By the end of this book, you will not only have a good understanding of ReactJS but will also have built your very own responsive frontend applications from scratch.

Publication date:
April 2016
Publisher
Packt
Pages
280
ISBN
9781785289644

 

Chapter 1. Getting Started with React

Web development has seen a huge advent of Single Page Application (SPA) in the past couple of years. Early development was simple—reload a complete page to perform a change in the display or perform a user action. The problem with this was a huge round-trip time for the complete request to reach the web server and back to the client.

Then came AJAX, which sent a request to the server, and could update parts of the page without reloading the current page. Moving in the same direction, we saw the emergence of the SPAs.

Wrapping up the heavy frontend content and delivering it to the client browser just once, while maintaining a small channel for communication with the server based on any event; this is usually complemented by thin API on the web server.

The growth in such apps has been complemented by JavaScript libraries and frameworks such as Ext JS, KnockoutJS, BackboneJS, AngularJS, EmberJS, and more recently, React and Polymer.

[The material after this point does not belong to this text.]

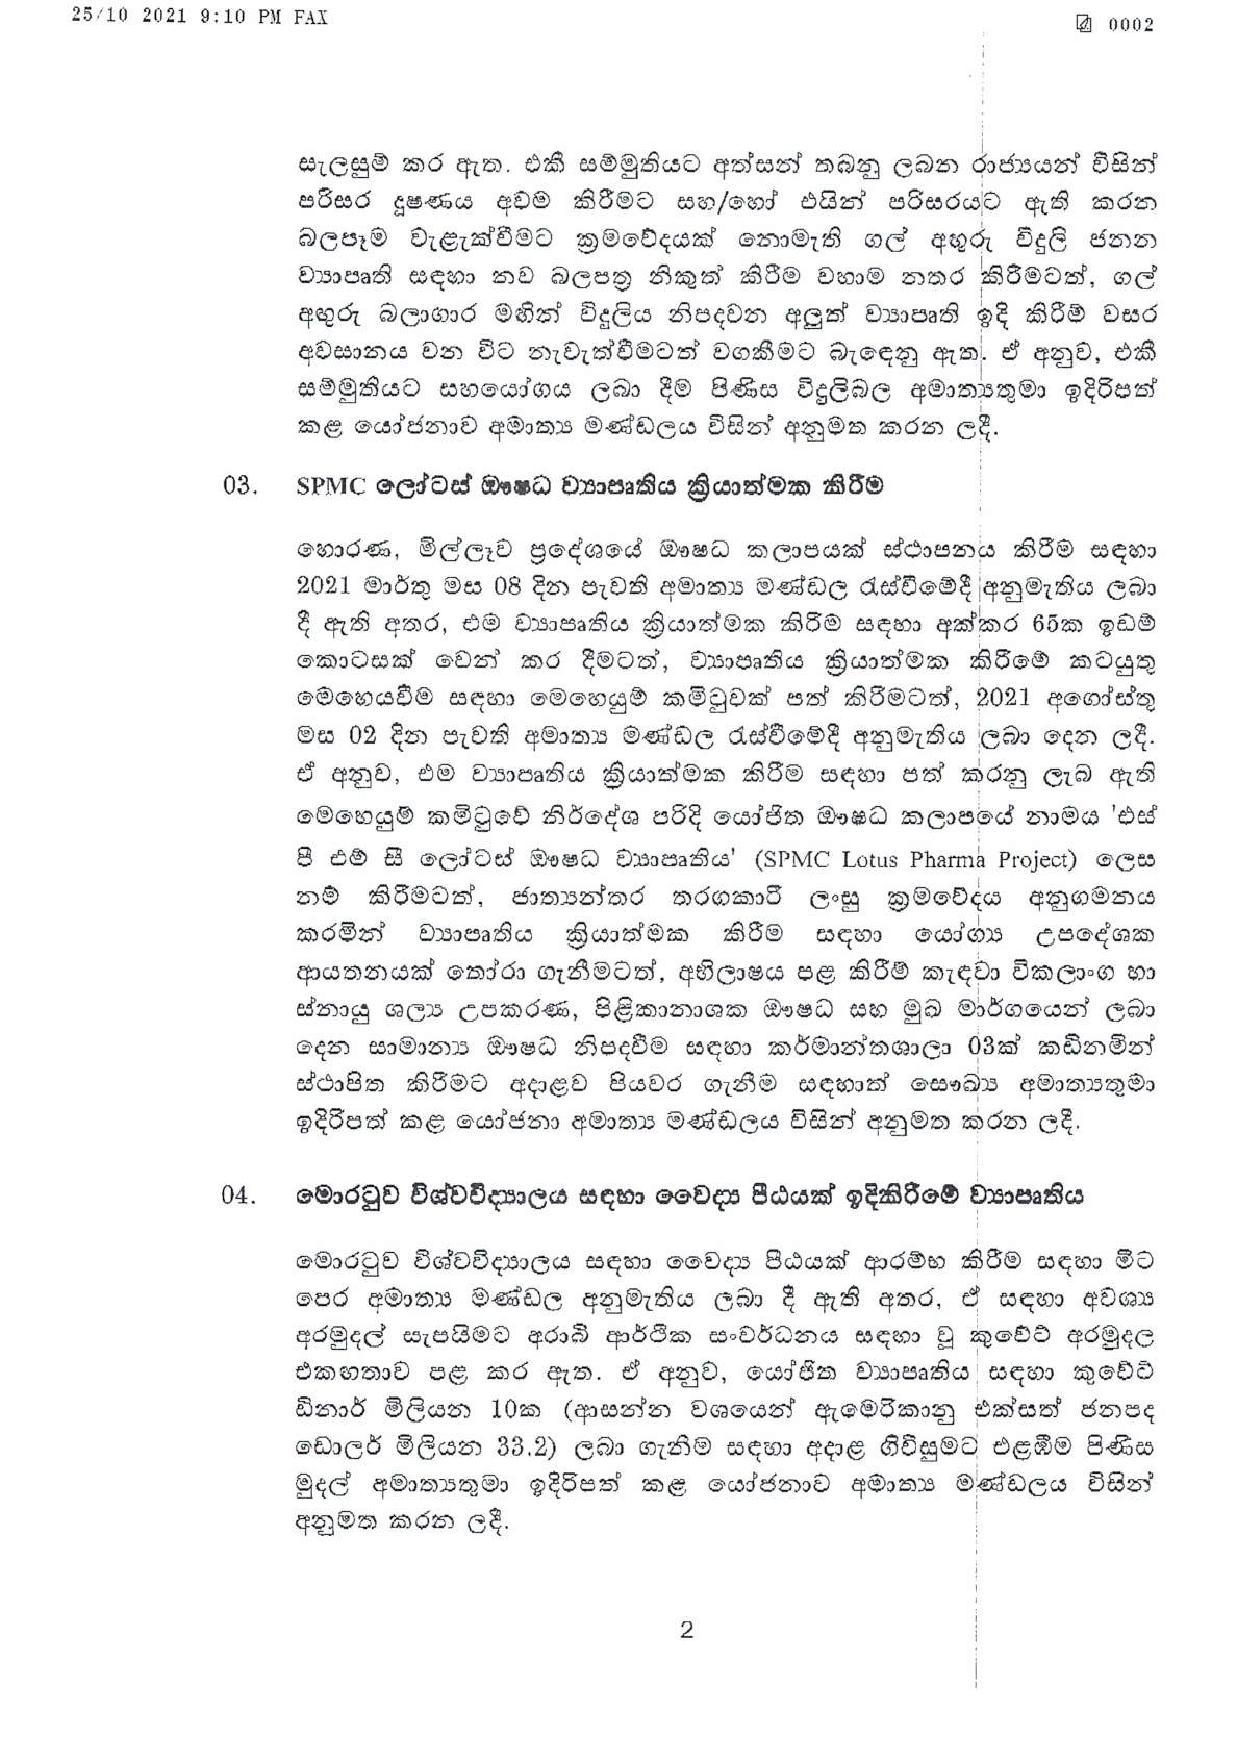 Cabinet Decisions on 25.10.2021 page 002

Let's take a look at how React fits in this ecosystem and get introduced to it in this chapter.

In this chapter, we will cover the following topics:

  • What is React and why do we use React?

  • Data flows in the component

  • Component displays the view based on state of the component

  • Component defines display of the view, irrespective of data contained, thus reducing the dependency and complexity of state for display

  • User interactions may change state of component from handlers

  • Components are reused and re-rendered

 

What is React?


ReactJS tries to solve the problem from the View layer. It can very well be defined and used as the V in any of the MVC frameworks. It's not opinionated about how it should be used. It creates abstract representations of views. It breaks down parts of the view in the Components. These components encompass both the logic to handle the display of view and the view itself. It can contain data that it uses to render the state of the app.

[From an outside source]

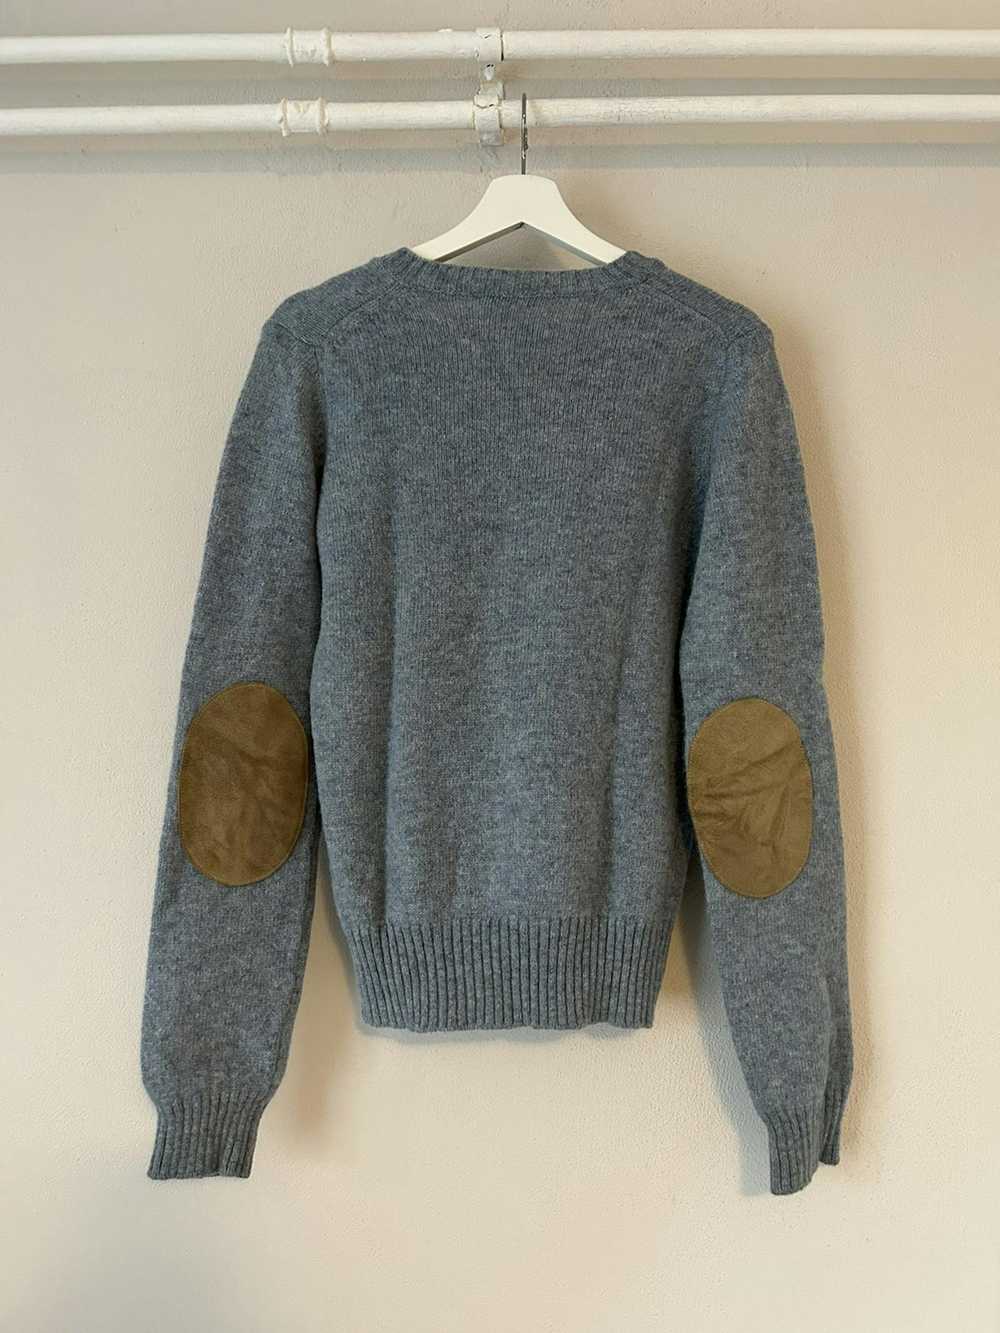 Prada Wool V-Neck Pullover with Leather Elbow Pads - image 2

To avoid complexity of interactions and subsequent render processing required, React does a full render of the application. It maintains a simple flow of work.

React is founded on the idea that DOM manipulation is an expensive operation and should be minimized. It also recognizes that optimizing DOM manipulation by hand will result in a lot of boilerplate code, which is error-prone, boring, and repetitive.

React solves this by giving the developer a virtual DOM to render to instead of the actual DOM. It finds difference between the real DOM and virtual DOM and conducts the minimum number of DOM operations required to achieve the new state.

React is also declarative. When the data changes, React conceptually hits the refresh button and knows to only update the changed parts.

This simple flow of data, coupled with dead simple display logic, makes development with ReactJS straightforward and simple to understand.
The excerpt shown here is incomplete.